As a midwife and a Global Health Specialist who is actively involved in frontline services, the unpredictable outbreaks continue to challenge our effort and commitment to deliver the quality of care to the mothers and their newborns. The kind of crises have considerably increased the negative impact of pre-existing issue of staff shortage and limited essential commodities in my field of midwifery practices.
The same burden is found in all corners of health disciple including critical and intensive services, cancer care, neglected tropical diseases; tuberculosis (TB), human immunodeficiency virus (HIV), hepatitis and malaria; sexual, reproductive, child, and adolescent health; and nutrition. The reality is, during an outbreak, many deaths are not directly caused by a trending disease but boosted poor quality of care.

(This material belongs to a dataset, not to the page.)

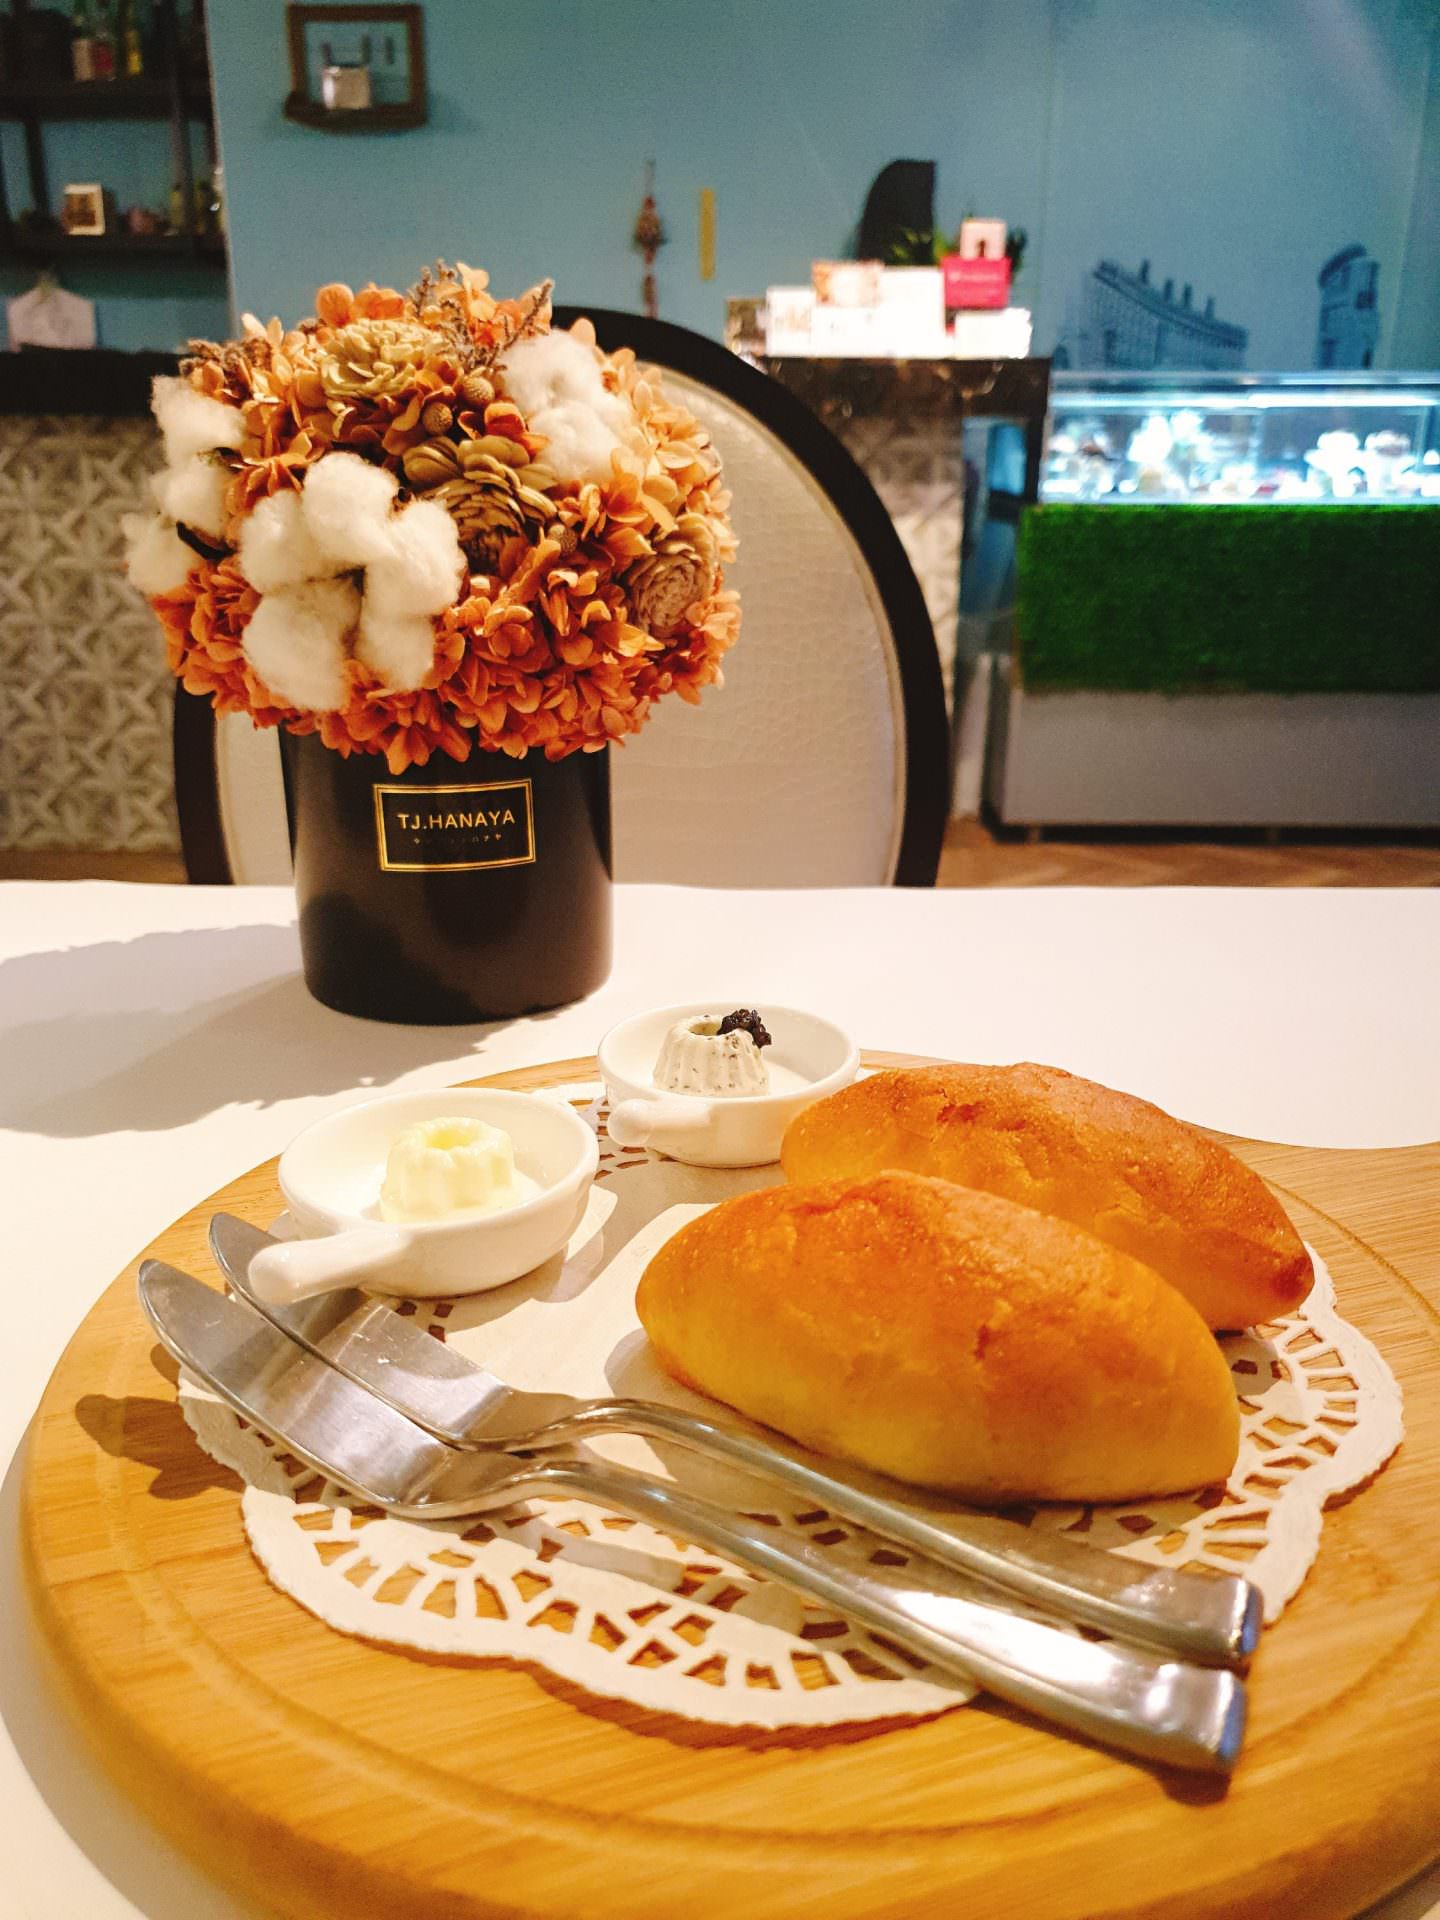 【食記】台北中山【春日甜 Bistro Café】夢幻甜點餐酒咖啡廳 | 捷運中山站美食、甜點蛋糕下午茶、小酌
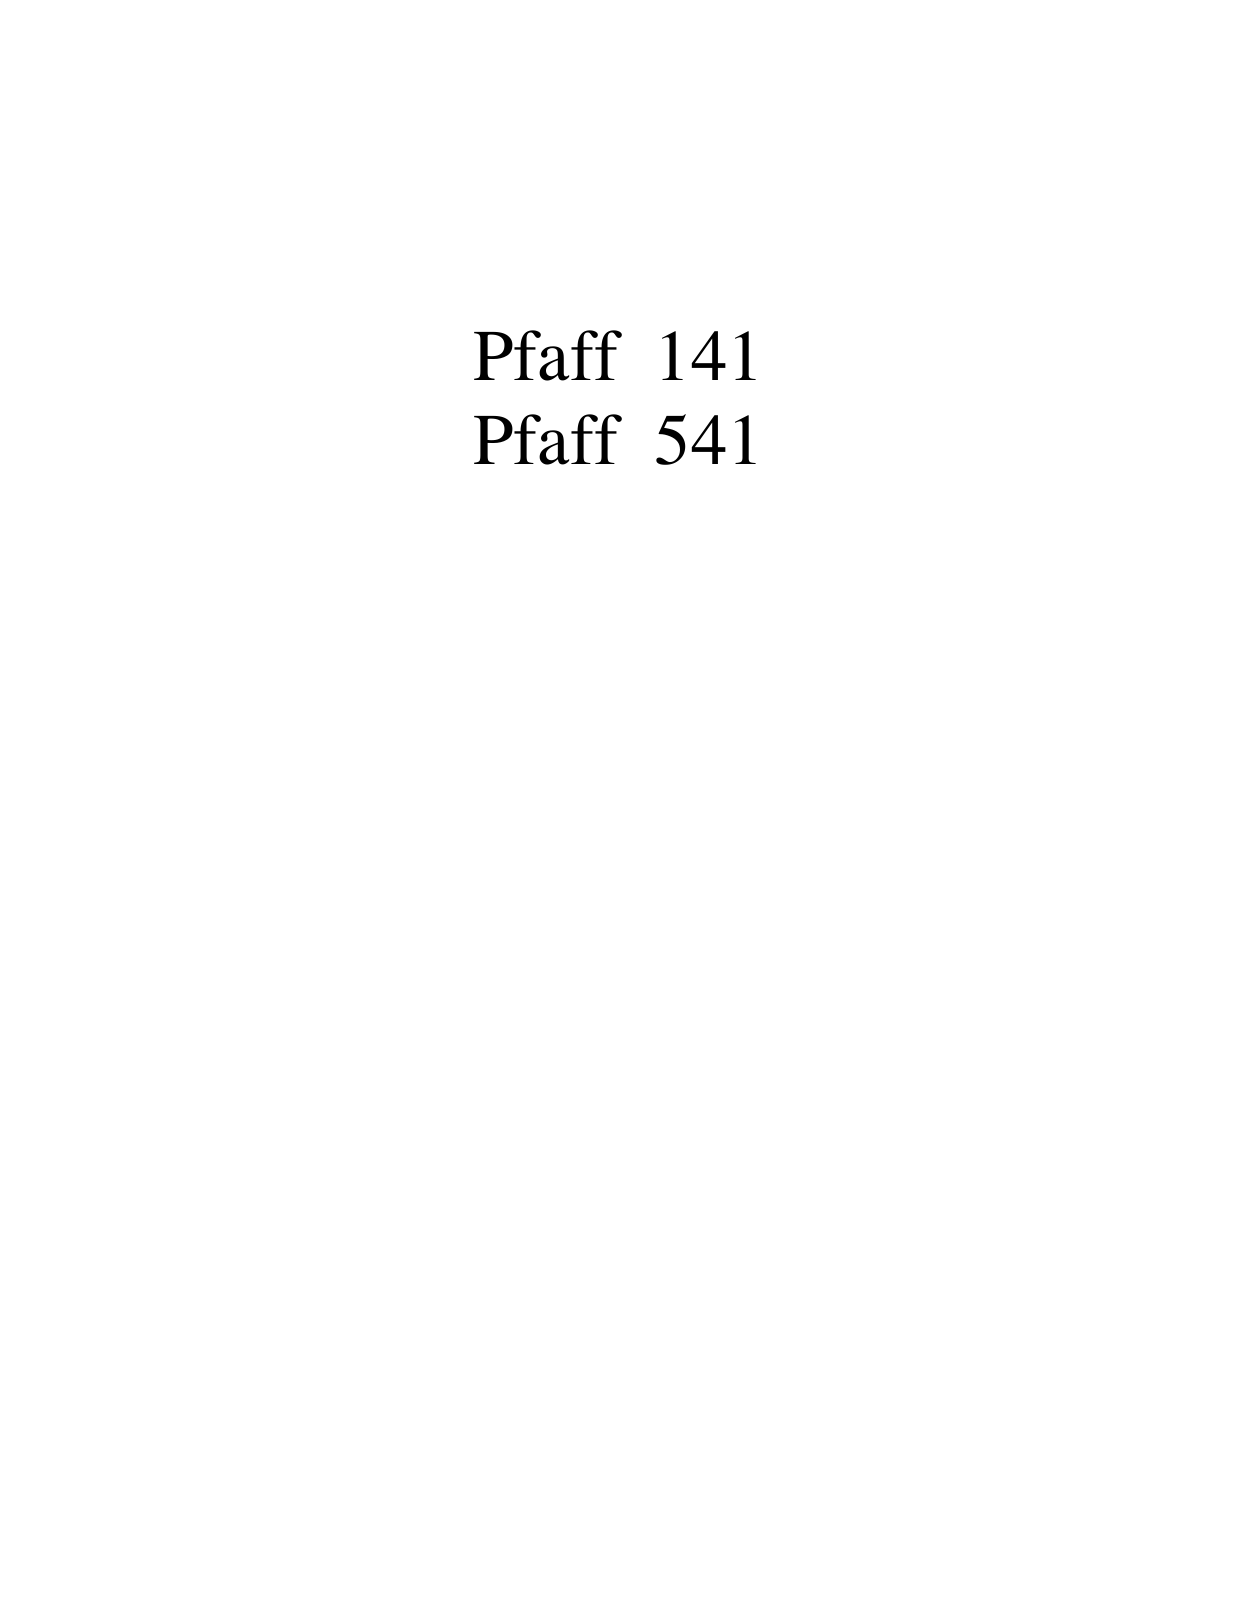 PFAFF 141, 541 Parts List

In August, the WHO issued a call for action to its partner agents and to the entire world, saying that these outbreaks have over-worried the Public Health Emergency of International Concern (PHEIC). The WHO statement emphasized that excess mortality linked directly and indirectly to outbreaks such as Ebola, COVID-19, Clade I Mpox, and MVD outbreak are mainly attributable to social determinates and systemic health conditions for which people are unable to access to effective prevention and treatment requirements and services as resulted from overburdened health systems in affected countries.
The 3rd round of WHO’s Global Pulse Survey in 129 countries on the continuity of essential health services during the COVID-19 pandemic reported similar concerns of health systems overwhelmed vis-à-vis to the current intensified series of outbreaks. The same report calls for urgent global action to ensure the fragile health systems, especially in West and Sub-Saharan Africa regions, can stand resilient and capable to deliver essential health services during the crisis.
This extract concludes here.